-------- Input

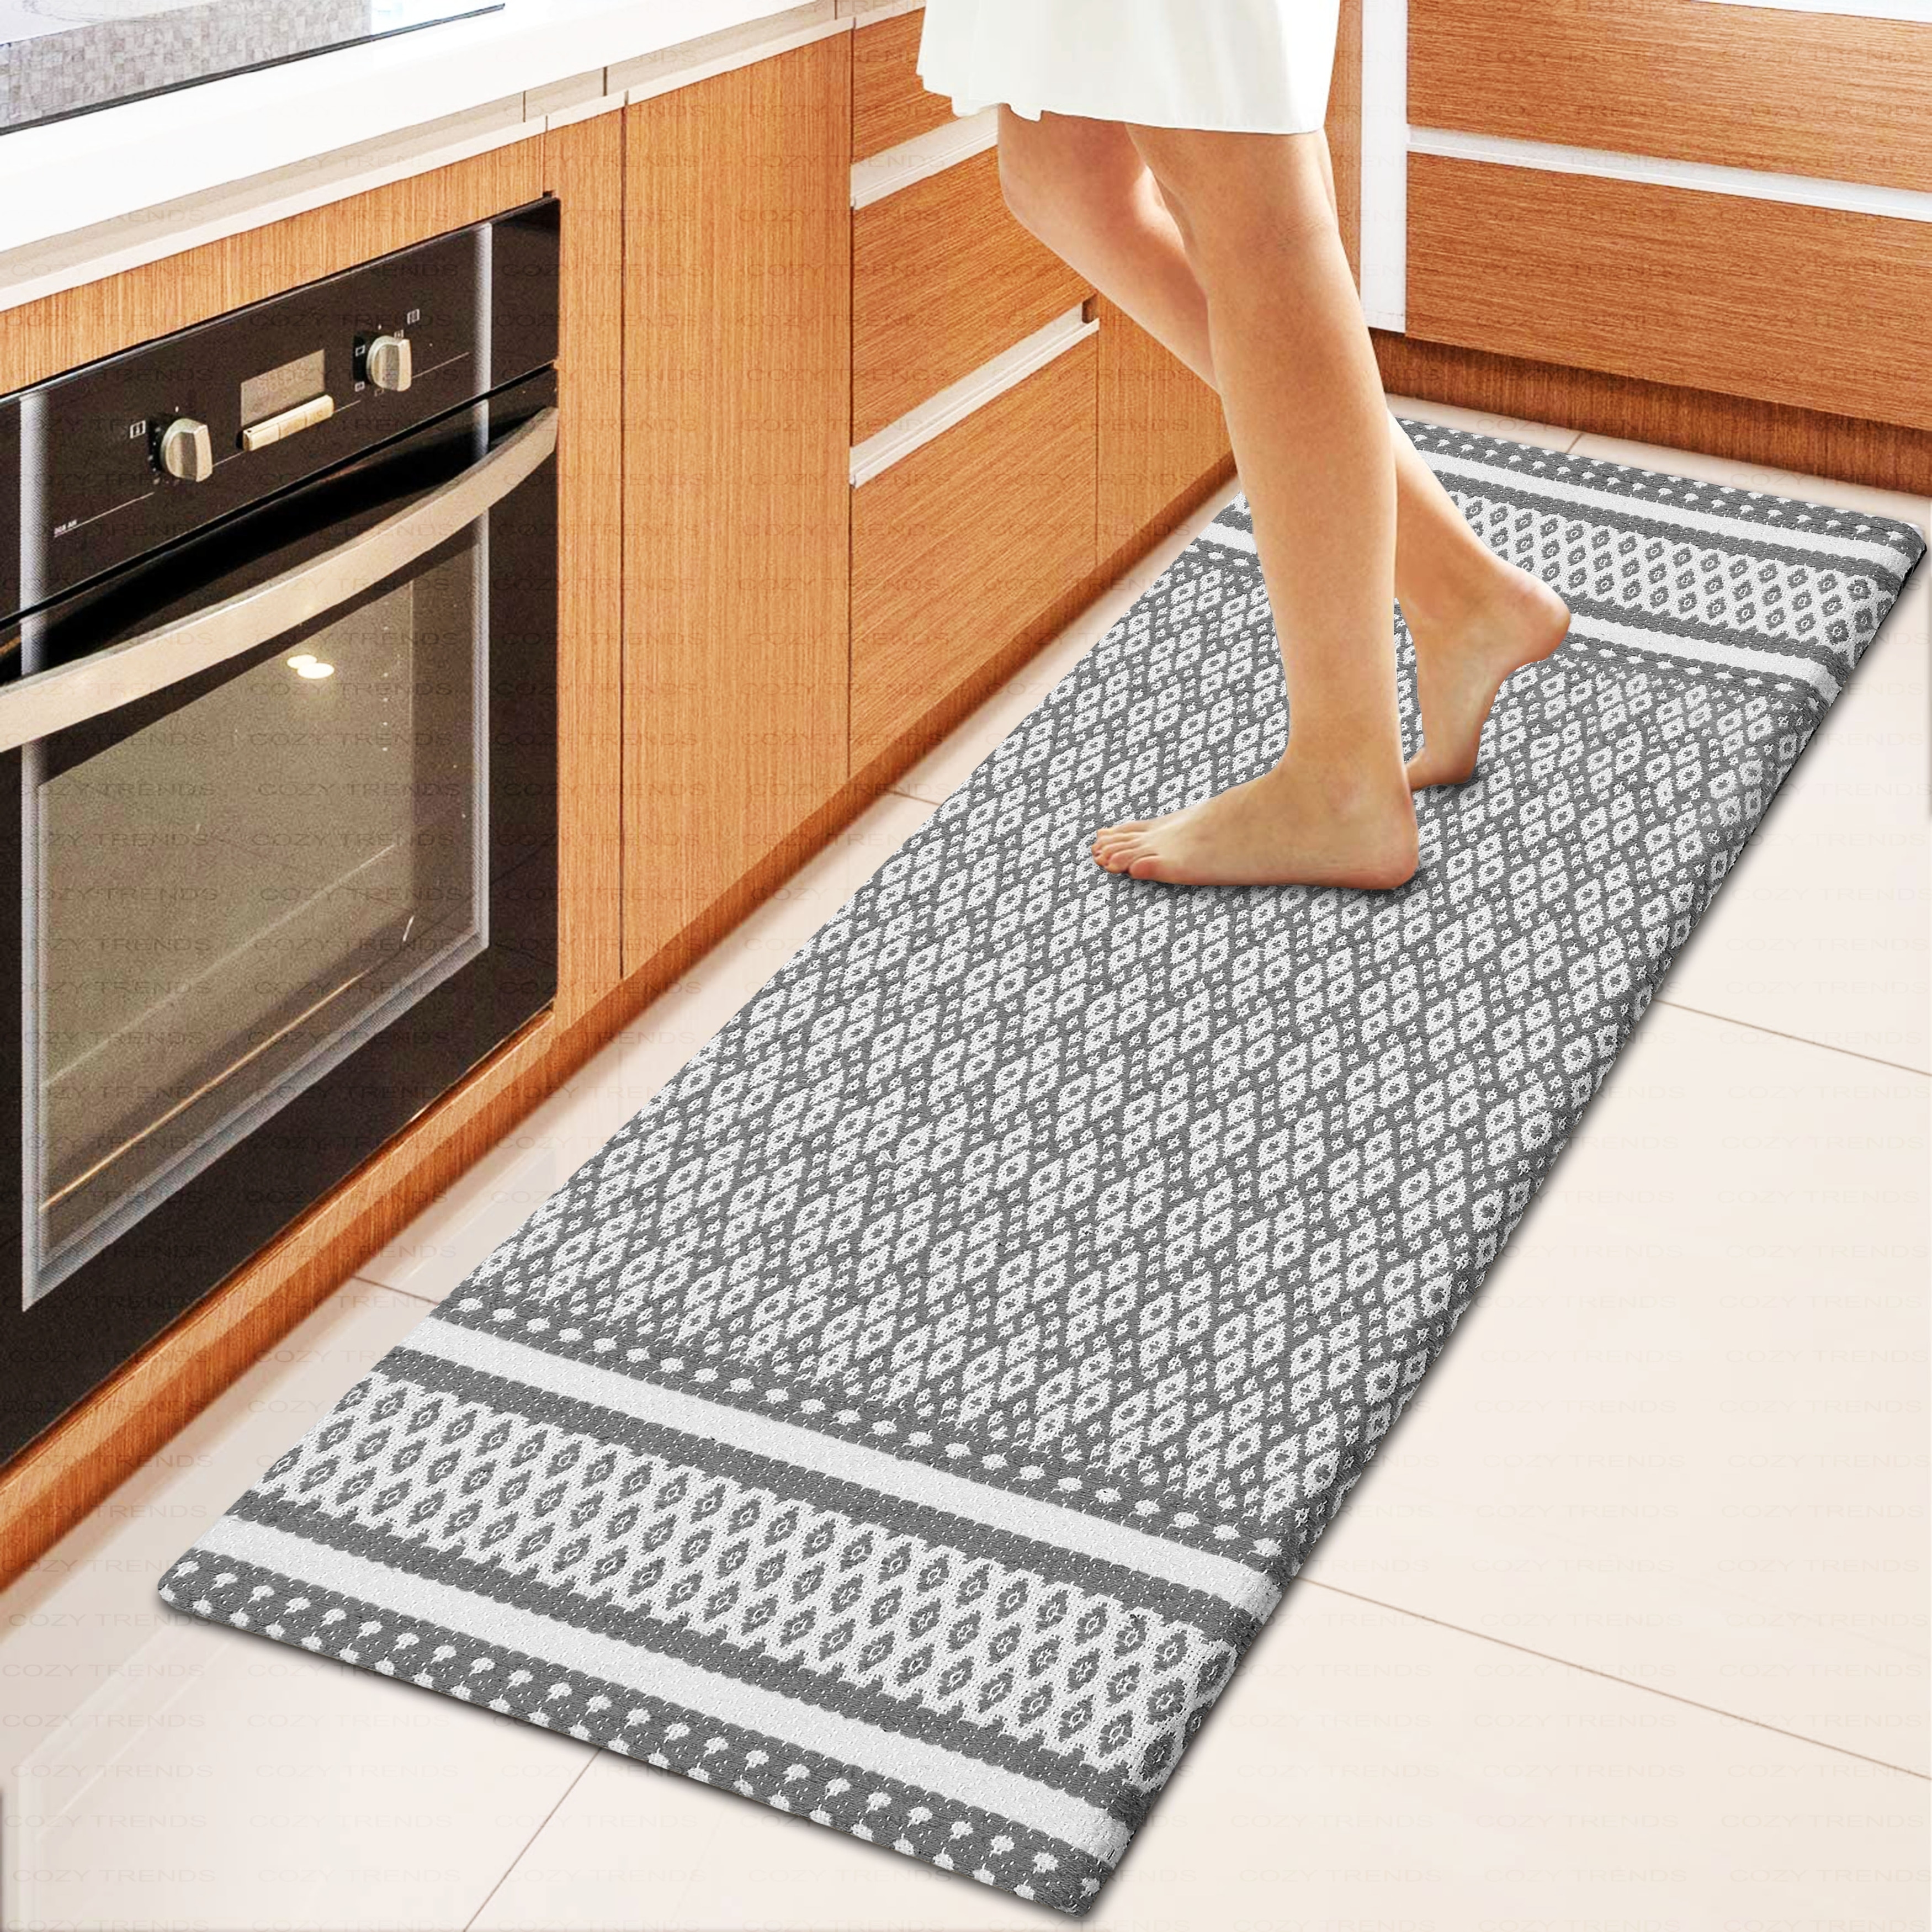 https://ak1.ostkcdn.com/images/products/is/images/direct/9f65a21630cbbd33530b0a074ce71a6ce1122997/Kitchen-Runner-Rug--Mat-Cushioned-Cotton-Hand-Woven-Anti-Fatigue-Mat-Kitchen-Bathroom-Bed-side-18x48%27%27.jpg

----------------
-------- Input

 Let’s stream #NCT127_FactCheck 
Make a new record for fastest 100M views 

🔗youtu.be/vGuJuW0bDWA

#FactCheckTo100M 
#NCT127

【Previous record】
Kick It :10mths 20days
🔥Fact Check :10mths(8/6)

----------------
-------- Input

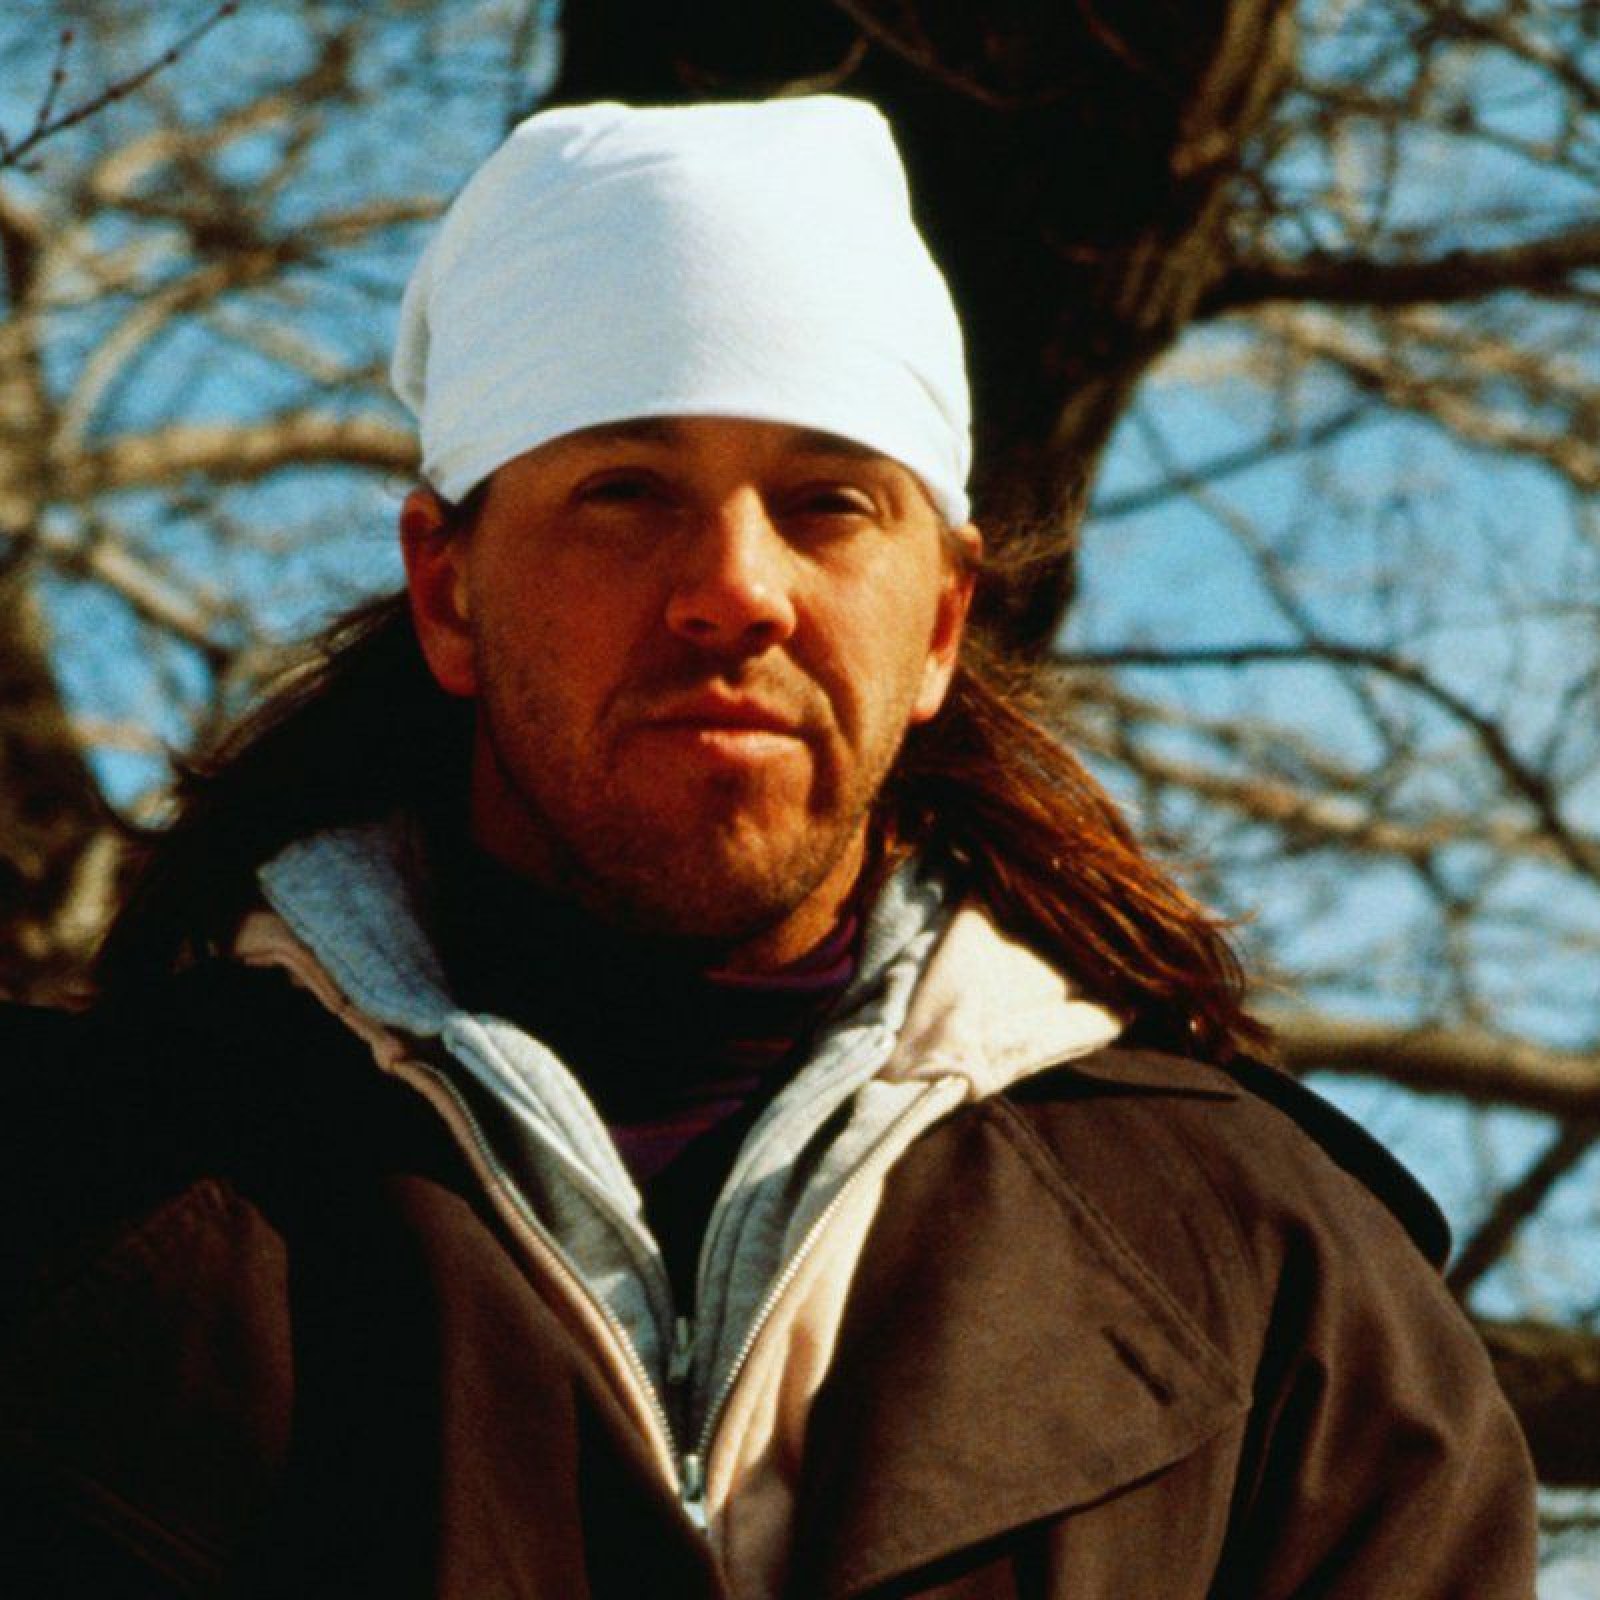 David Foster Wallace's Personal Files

----------------

Task brief:
Return all lines from the material that contain "record".

Task output:
Make a new record for fastest 100M views 
【Previous record】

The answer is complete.